Issue: Is Baleros guilty of attempted rape? No.

Ruling: Petition granted, petitioner acquitted of rape but convicted of light coercion.

Ratio: Under Article 6, in relation to the aforementioned article of the same code, rape is attempted
when the offender commences the commission of rape directly by overt acts and does not perform all the
acts of execution which should produce the crime of rape by reason of some cause or accident other than
his own spontaneous desistance.

Overt or external act has been defined as some physical activity or deed, indicating the intention to
commit a particular crime, more than a mere planning or preparation, which if carried out to its complete
termination following its natural course, without being frustrated by external obstacles nor by the
voluntary desistance of the perpetrator, will logically and necessarily ripen into a concrete offense.

It would be too strained to construe petitioner's act of pressing a chemical-soaked cloth in the mouth of
Malou which would induce her to sleep as an overt act that will logically and necessarily ripen into rape.
As it were, petitioner did not commence at all the performance of any act indicative of an intent or
attempt to rape Malou. It cannot be overemphasized that petitioner was fully clothed and that there was
no attempt on his part to undress Malou, let alone touch her private part.
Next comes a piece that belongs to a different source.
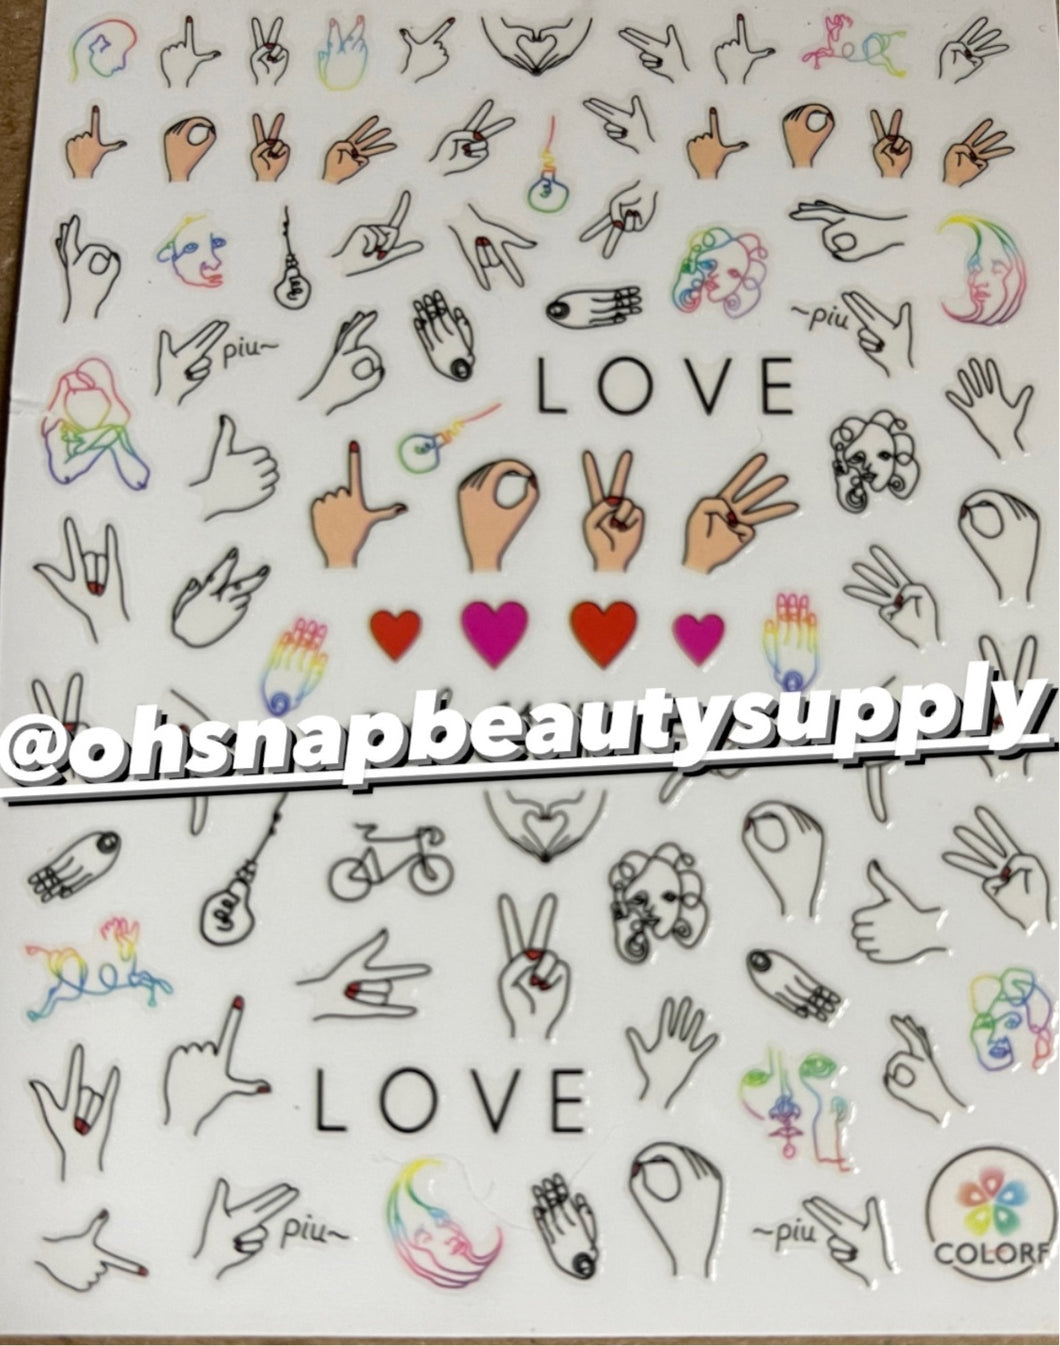 Sign language 🤟 (LOVE) CA 258 Sticker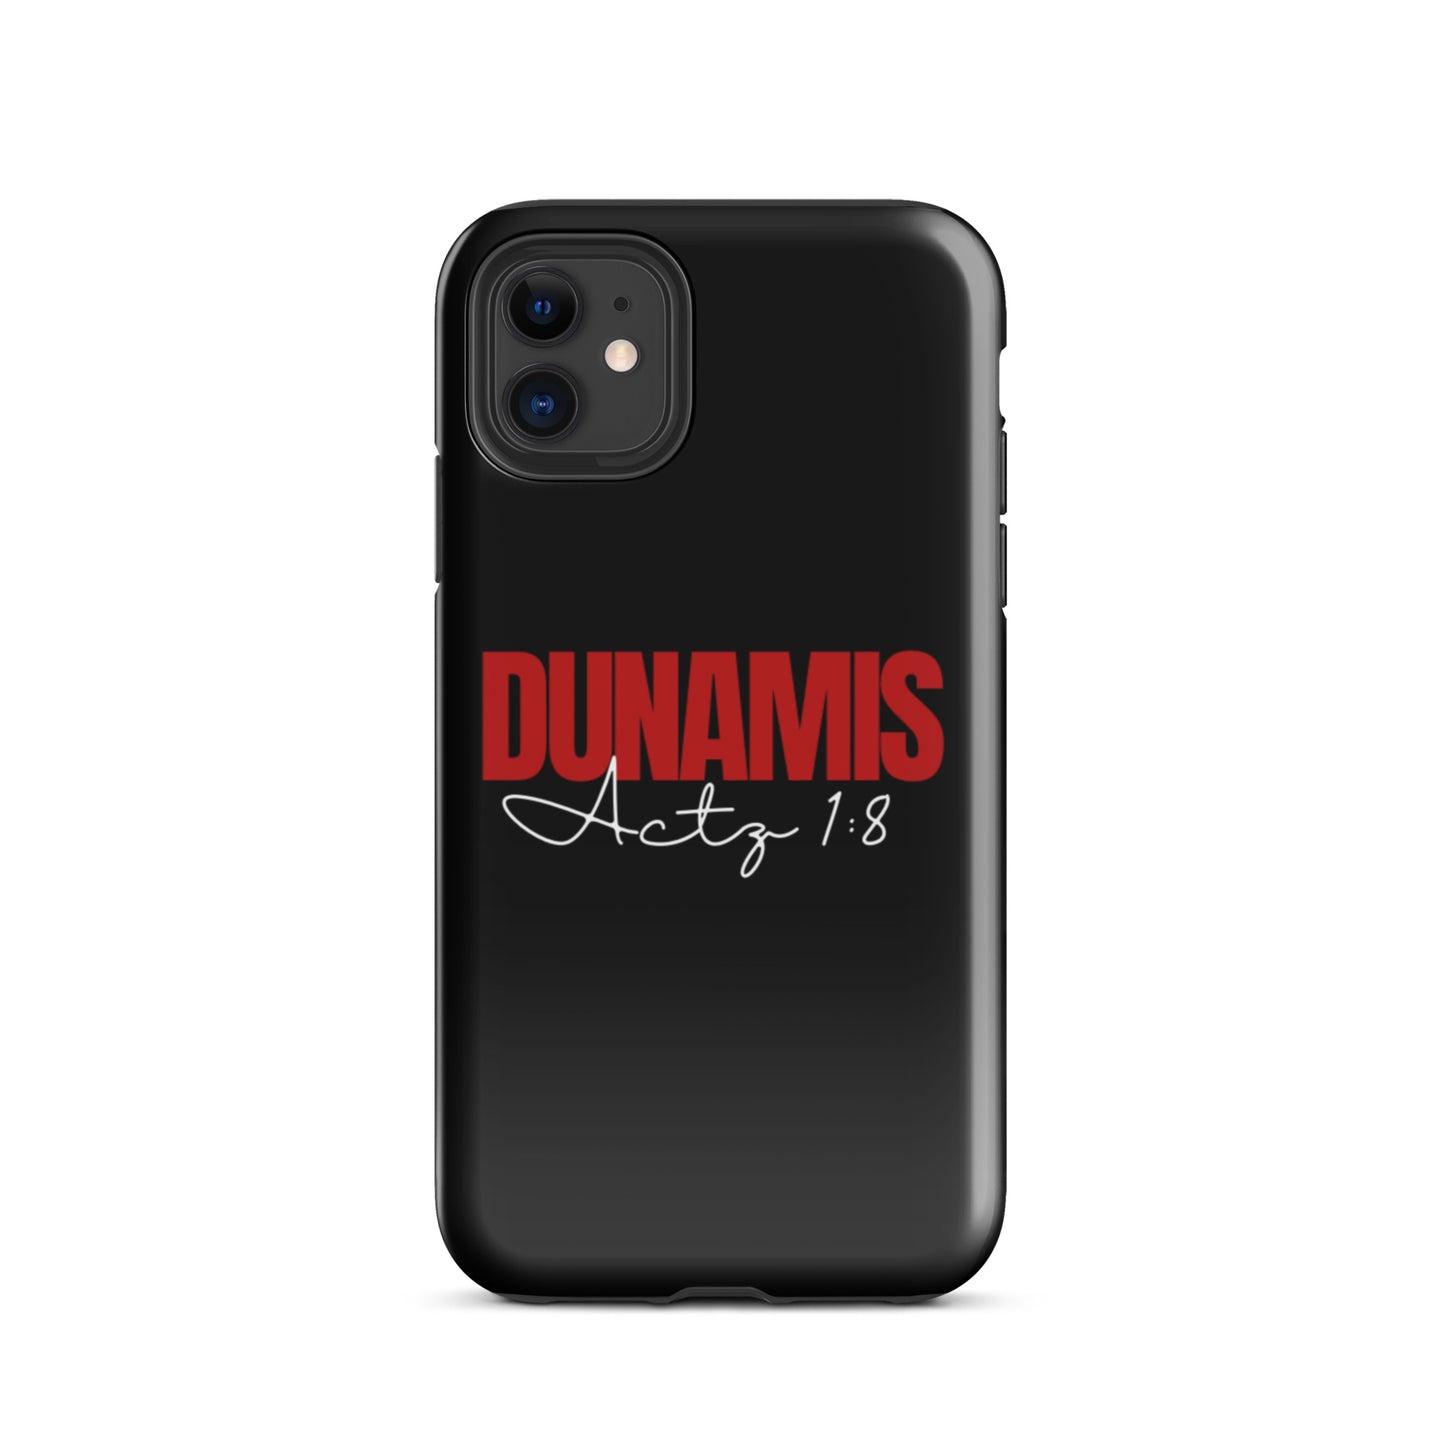 Dunamis Actz Tough Case for iPhone®

Verily, while the series of acts committed by the petitioner do not determine attempted rape, they
constitute unjust vexation punishable as light coercion under the second paragraph of Article 287 of the
Revised Penal Code. As it were, unjust vexation exists even without the element of restraint or compulsion
for the reason that this term is broad enough to include any human conduct which, although not
productive of some physical or material harm, would unjustly annoy or irritate an innocent person. That
Malou, after the incident in question, cried while relating to her classmates what she perceived to be a
sexual attack and the fact that she filed a case for attempted rape proved beyond cavil that she was
disturbed, if not distressed.
Voting: Puno, Sandoval-Gutierrez, Corona, Azcuna, JJ., concur.